Vergangenes Wochenende habe ich es endlich mal geschafft bei den Girls von alma in Köln vorbei zu schauen. Unser Date war jetzt aber auch schon lange überfällig! Seit ca. einem halben Jahr bietet alma in ihrem Ladelokal nun Sneaker für Mädels und Kids an. Ich wurde noch nie so herzlich und warm in einem Store empfangen, wie an diesem Samstag. Wir hatten einen tollen Tag, mit tollen Menschen und leckeren Brownies (es lohnt sich immer auf Kaffee und Kuchen bei den Mädels vorbei zu gehen!) Während meines Besuchs haben Anke und Saskia mir für euch außerdem einige Fragen beantwortet. Viel Spaß mit dem Interview! #almaYEAH

Ich lege euch den Store wärmstens ans Herz!
alma Sneakerstore
Palmstraße 38
50672 Köln


Wie habt ihr euch kennengelernt?

Saskia: Anke, das kannst du am besten beantworten!

Anke: Ja, tatsächlich im Berghain. Ich bin nach Berlin gezogen, hab neue Leute kennengelernt und wir haben uns beim Raven kennengelernt auf der Tanzfläche im Berghain. Das war 2004. Das weiß ich so genau, weil ich da ganz frisch nach Berlin gezogen für 2,5 Jahre.

Saskia: Durch Freunde dort die uns gegenseitig vorgestellt haben. Dann haben wir uns immer wieder getroffen, sind zusammen ausgegangen. Wir waren sofort ein Herz und eine Seele.

Anke: Und das macht auch viele meine Freundschaften aus, die ich in Berlin geschlossen habe. Das sind super verbindliche Freundschaften geworden, die trotzdem ich wieder weggezogen bin – und das ist meist der Moment wo sich alles wieder auseinander lebt – ab dem Zeitpunkt eigentlich eher noch enger geworden sind.

Warum bist du wieder nach Köln gezogen, Anke?
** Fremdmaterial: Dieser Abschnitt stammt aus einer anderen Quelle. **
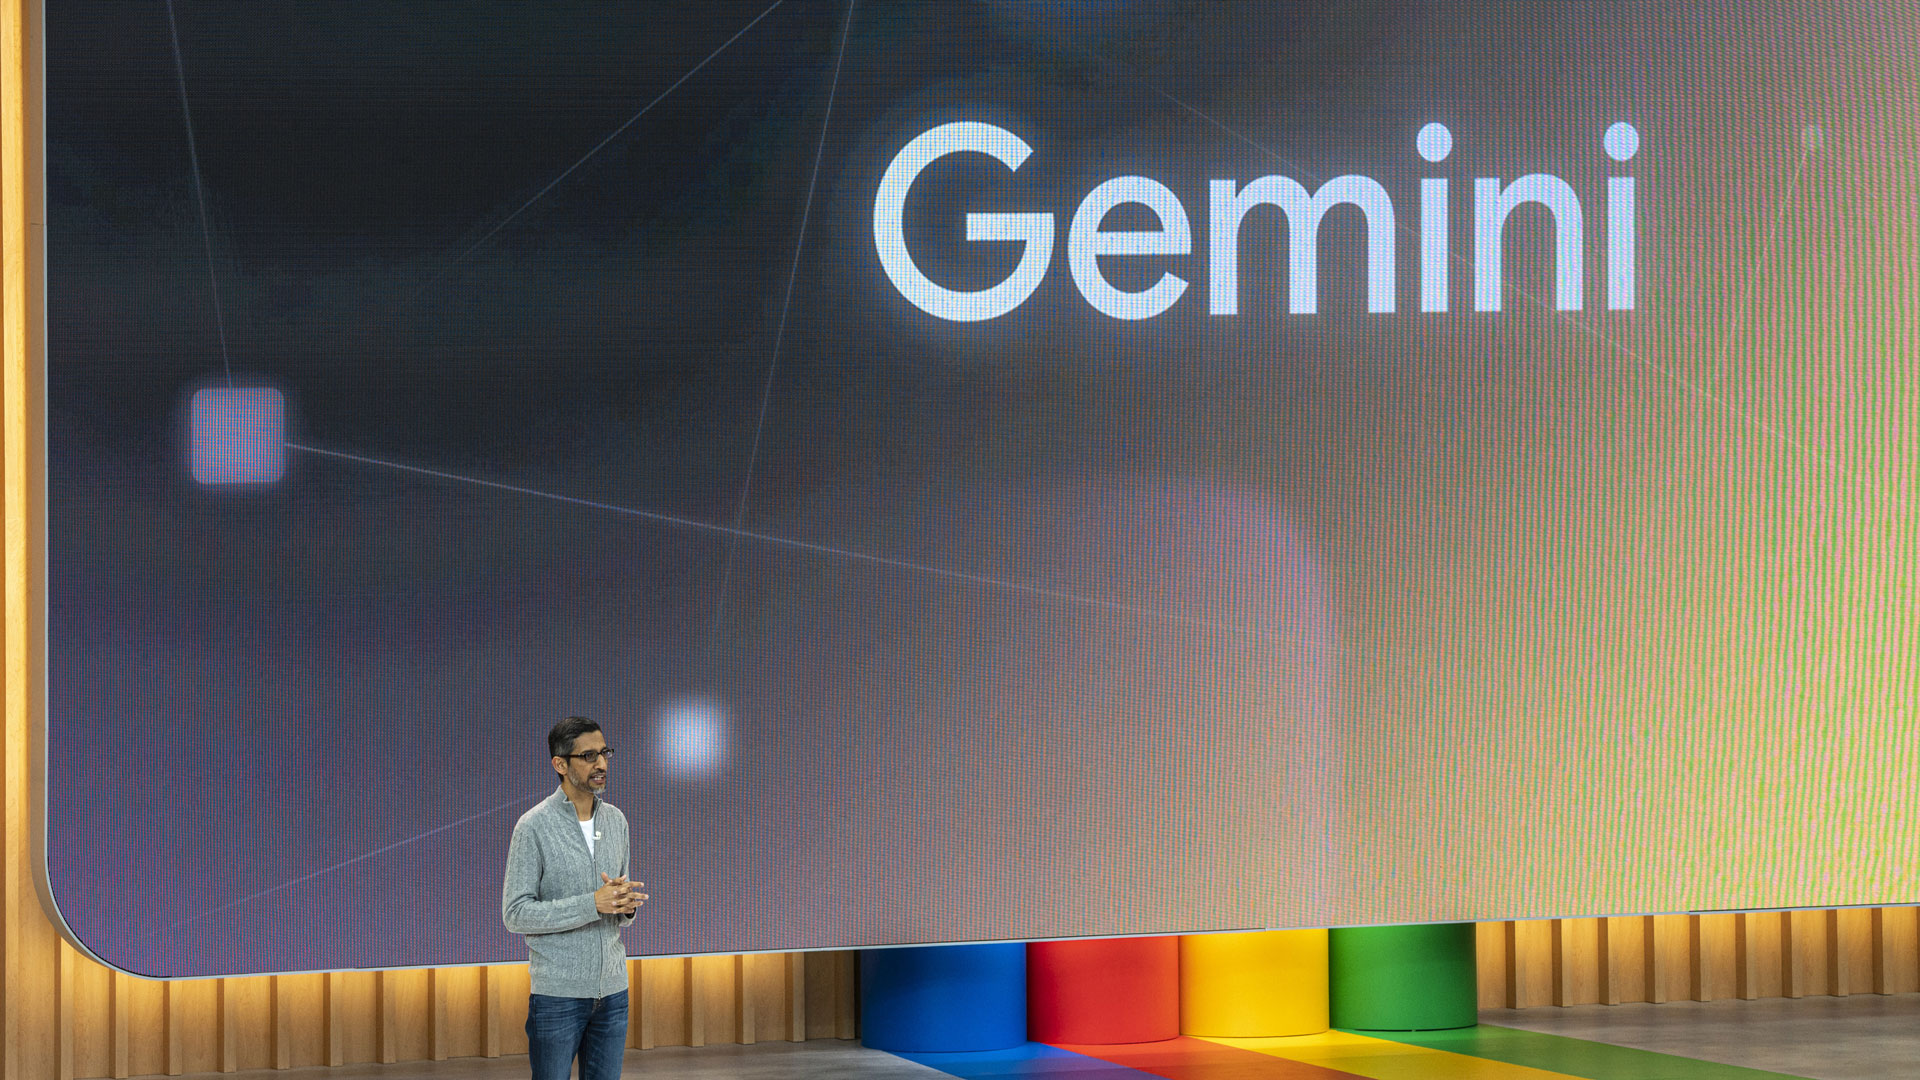 Google предоставляет адресной строке Chrome новый ярлык, который позволяет легко общаться с его чат-ботом с искусственным интеллектом Gemini.
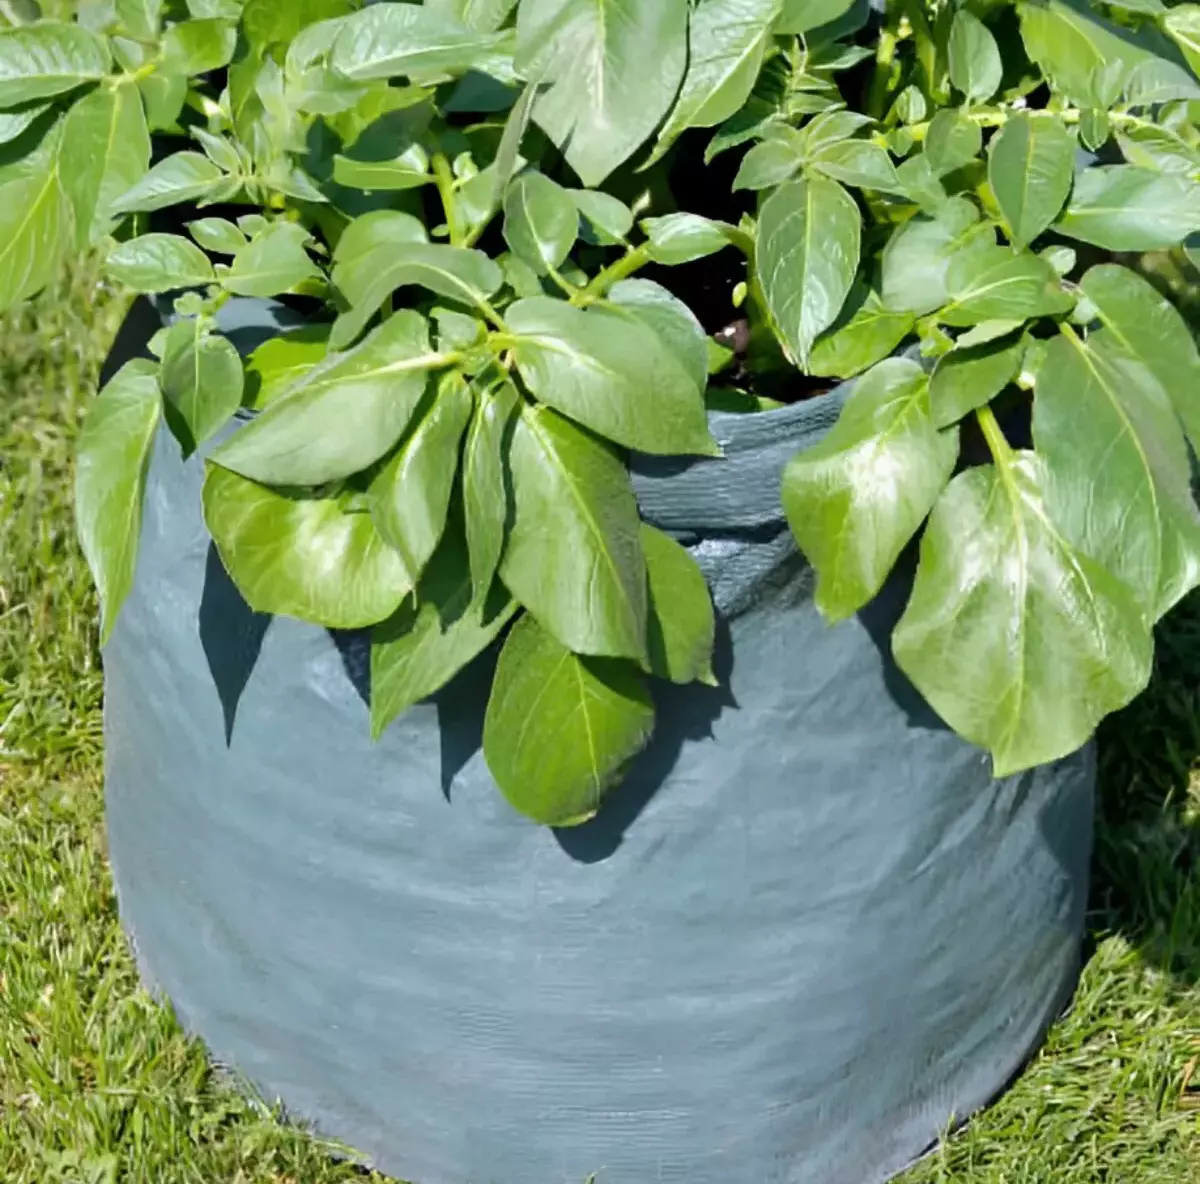 sac de plantation gris pose sur une pelouse verte avec une plante avec un feuillage vert abondant

Anke: Durch meinen alten Job. Ich habe eine Agentur und mache Moderatorenmanagement. Ich hab zu der Zeit so extrem viel mit RTL und WDR und Sendern, die hier sind, gemacht, das hat sich dann einfach nicht mehr gelohnt. Ich bin immer so oft hin und her gependelt. Ich weiß noch, ich hatte so einen kleinen roten Koffer. Und irgendwann saß ich heulend vor meinem roten Koffer und dachte: Ich sehe meine Freunde hier nicht, ich sehe meine Freunde da nicht – ich musste wieder zurück. Aber das war gut so, dadurch hat sich vieles gefügt.

Wie seid ihr auf das Thema Sneaker gekommen? Warum gerade ein Sneaker-Store?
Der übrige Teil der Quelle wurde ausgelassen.